• Tree


    【原题链接】

    【题意说明】

      指定一棵树上有3个操作:
      (1) 查询a点和b点之间的路径上最长的那条边的长度;
      (2) 区域取反,将a点和b点之间的路径权值都取相反数;
      (3) 单点更新,把某条边的权值变成指定的值。

    【问题分析】
      
    显然对树上进行区域操作,可以用树链剖分来解决。由于有取反操作,所以在线段树的结点上记录区域的最大值和最小值,取反操作时只需要把最小值取反给最大值,最大值取反给最小值。

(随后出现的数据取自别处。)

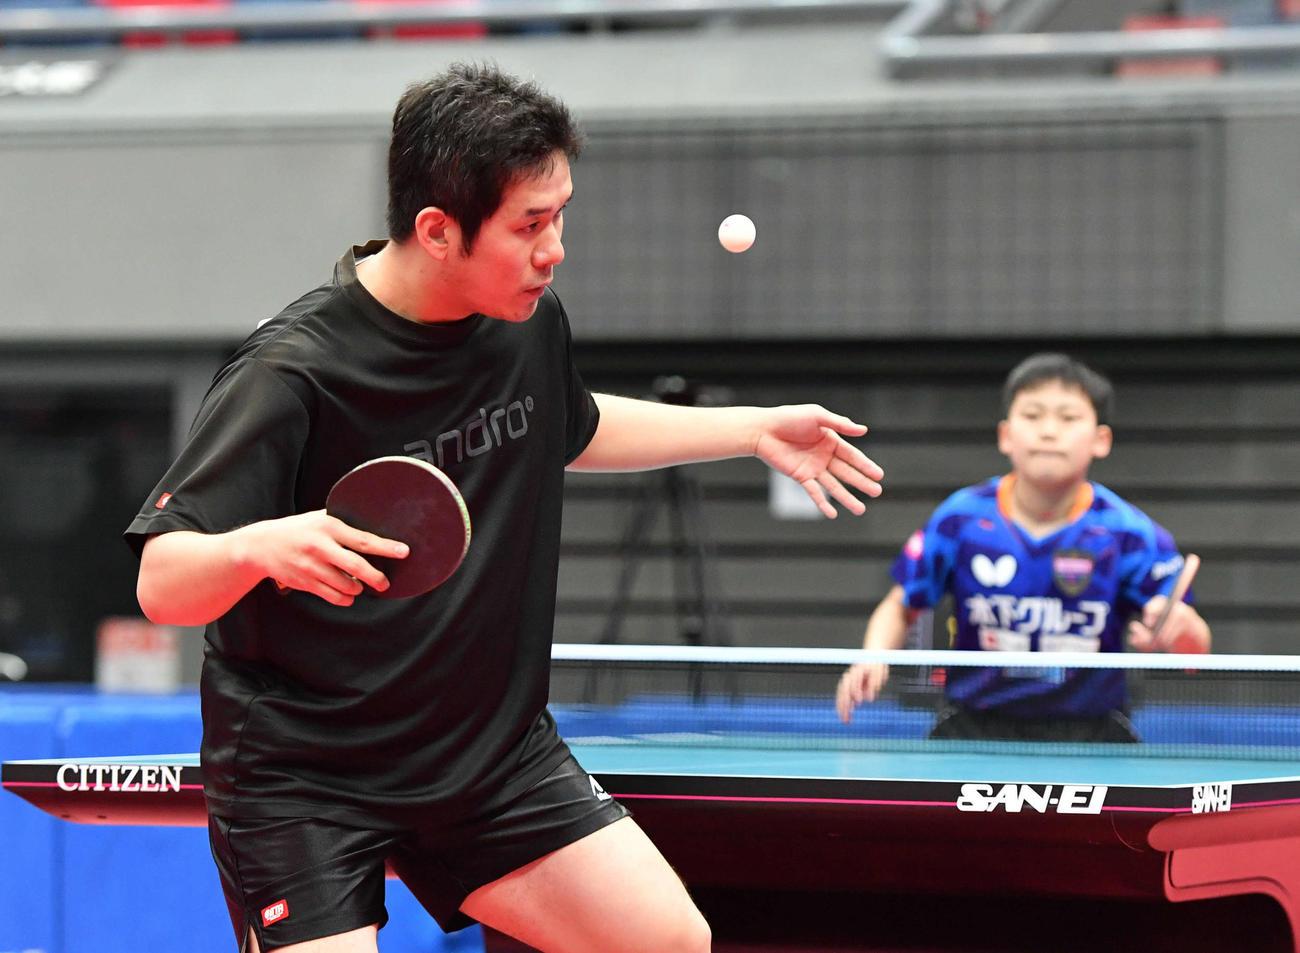 全日本卓球選手権男子シングルス2回戦 サーブを打つ岩城禎、右は松島輝空(撮影・岩下翔太)
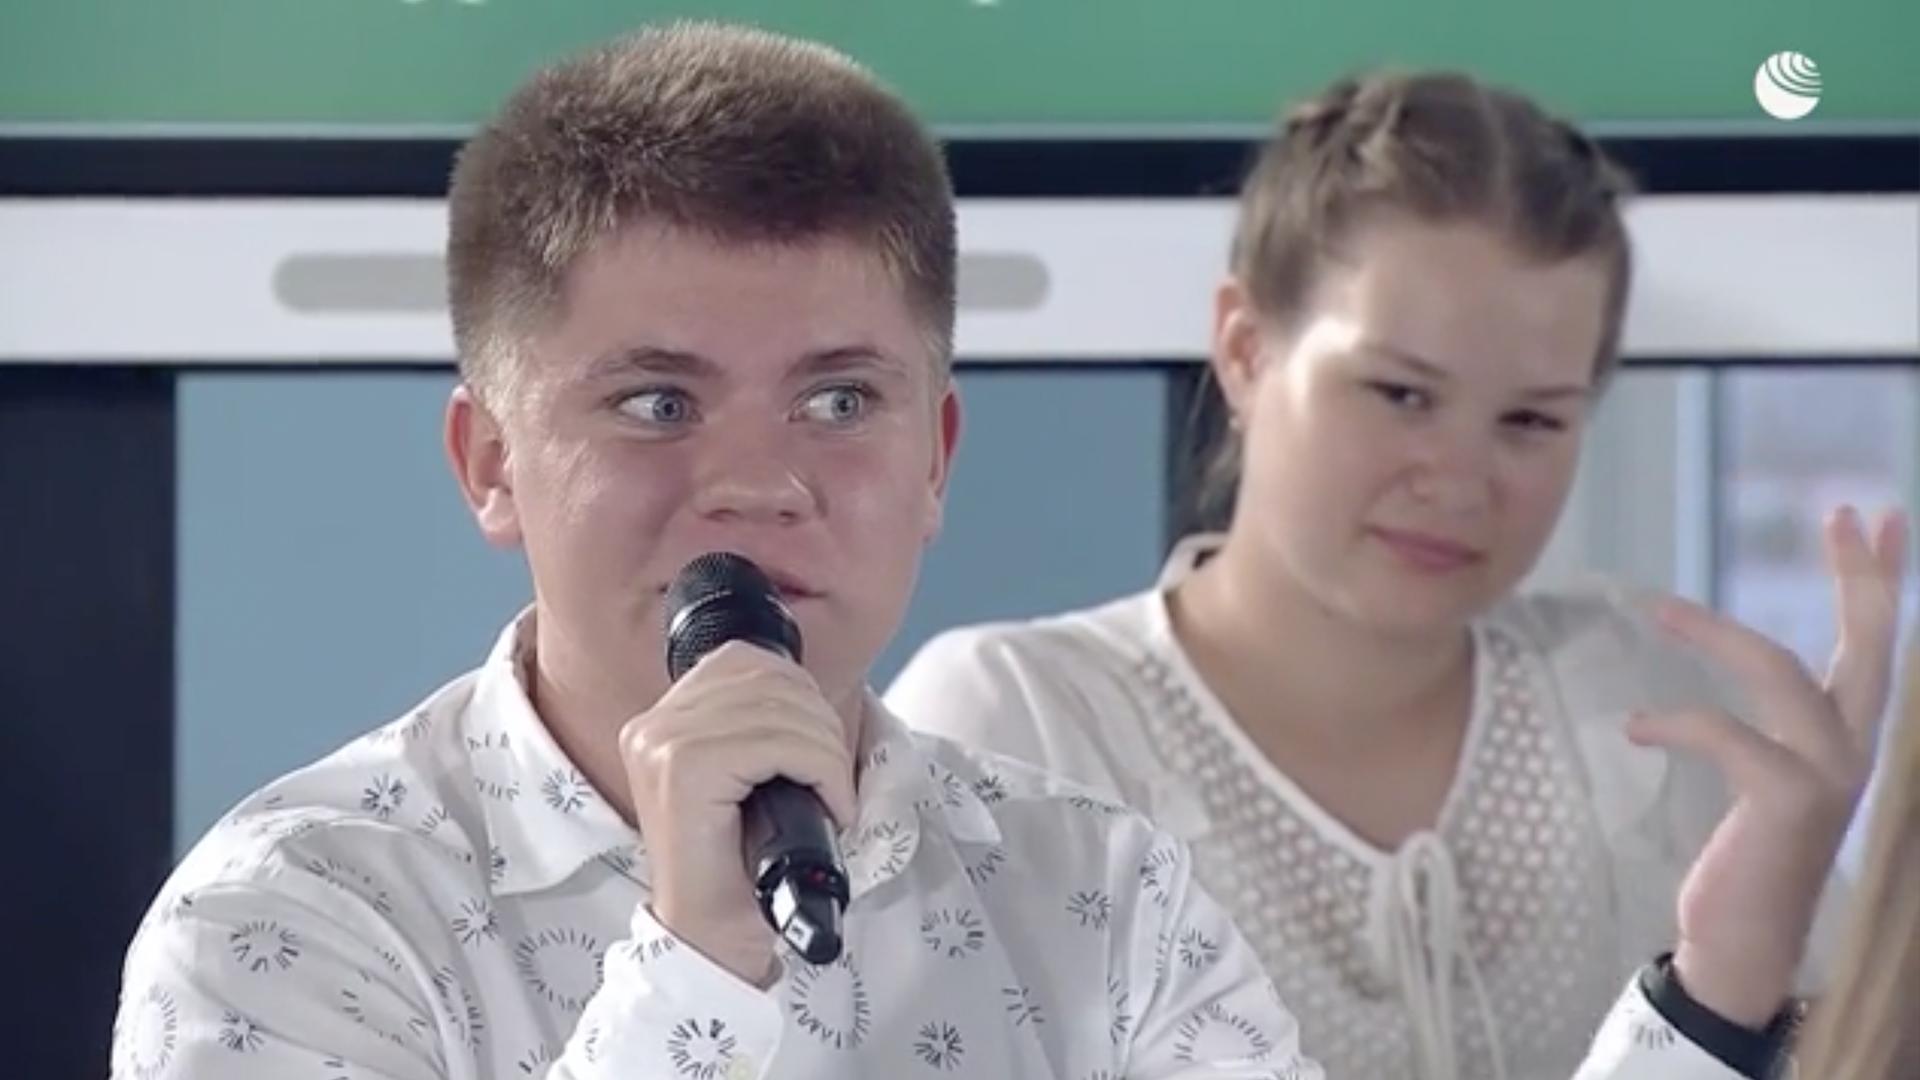 Nem értékelte az iskolaigazgató, hogy a diákja kijavította Putyint

注意取反运算延迟标记的使用(两次取反等于未操作)。

    【参考代码】

    #include<cstdio>

    #include<cstring>

    #include<algorithm>

    using namespace std;

    #define lson k<<1

    #define rson k<<1|1

    #define lt(i) tree[i].left

    #define rt(i) tree[i].right

    #define mx(i) tree[i].max

    #define mn(i) tree[i].min

    #define ct(i) tree[i].cnt

    #define fr(i) edge[i].from

    #define to(i) edge[i].to

    #define nx(i) edge[i].next

    #define vl(i) edge[i].value

    #define dp(i) node[i].deep

    #define tp(i) node[i].top

    #define fa(i) node[i].father

    #define hd(i) node[i].head

    #define sz(i) node[i].size

    #define sn(i) node[i].son

    #define id(i) node[i].id

    const int maxN=10010;

    const int INF=1000000000;

    struct Tree{

             int left, right, max, min, cnt;

    }tree[maxN<<2];

    struct Node{

             int top, head, father, deep, size, son, id;

    }node[maxN];

    struct Edge{

             int from, to, next, value;

    }edge[maxN<<1];

    int n, total;

    void init();

    void work();

    void addedge(int, int, int, int);

    void dfs1(int, int);

    void dfs2(int, int);

    void build(int, int, int);

    void update(int, int, int, int);

    void pushdown(int);

    void pushup(int);

    void update(int, int, int, int, int);

    void change1(int, int);

    void change2(int, int);

    int query(int, int, int);

    void refresh(int, int, int);

    int solve(int, int);

    int main(){

             freopen("poj3237.in", "r", stdin);

             freopen("poj3237.out", "w", stdout);

             int t; scanf("%d", &t);

             while(t--) {init();        work();}

             fclose(stdin);

             fclose(stdout);

             return 0;

    }

    void init(){

             memset(tree, 0, sizeof(tree));

             memset(node, 0, sizeof(node));

             memset(edge, 0, sizeof(edge));

             total=0;

             scanf("%d", &n);

             for(int i=1; i<n; i++){

                       int x, y, c;

                       scanf("%d%d%d", &x, &y, &c);

                       addedge(x, y, c, i);

                       addedge(y, x, c, i+n);

             }

             dfs1(1, 1);

             dfs2(1, 1);

    }

    void addedge(int x, int y, int c, int k){

             fr(k)=x; to(k)=y; vl(k)=c;

             nx(k)=hd(x); hd(x)=k;

    }

    void dfs1(int k, int _dp){

             sz(k)=1; dp(k)=_dp;

             for(int i=hd(k); i; i=nx(i)){

                       if(sz(to(i))) continue;

                       fa(to(i))=k;

                       dfs1(to(i), _dp+1);

                       sz(k)+=sz(to(i));

                       if(sz(sn(k))<sz(to(i))) sn(k)=to(i);

             }

    }

    void dfs2(int k, int _tp){

             id(k)=++total; tp(k)=_tp;

             if(sn(k)) dfs2(sn(k), _tp);

             for(int i=hd(k); i; i=nx(i))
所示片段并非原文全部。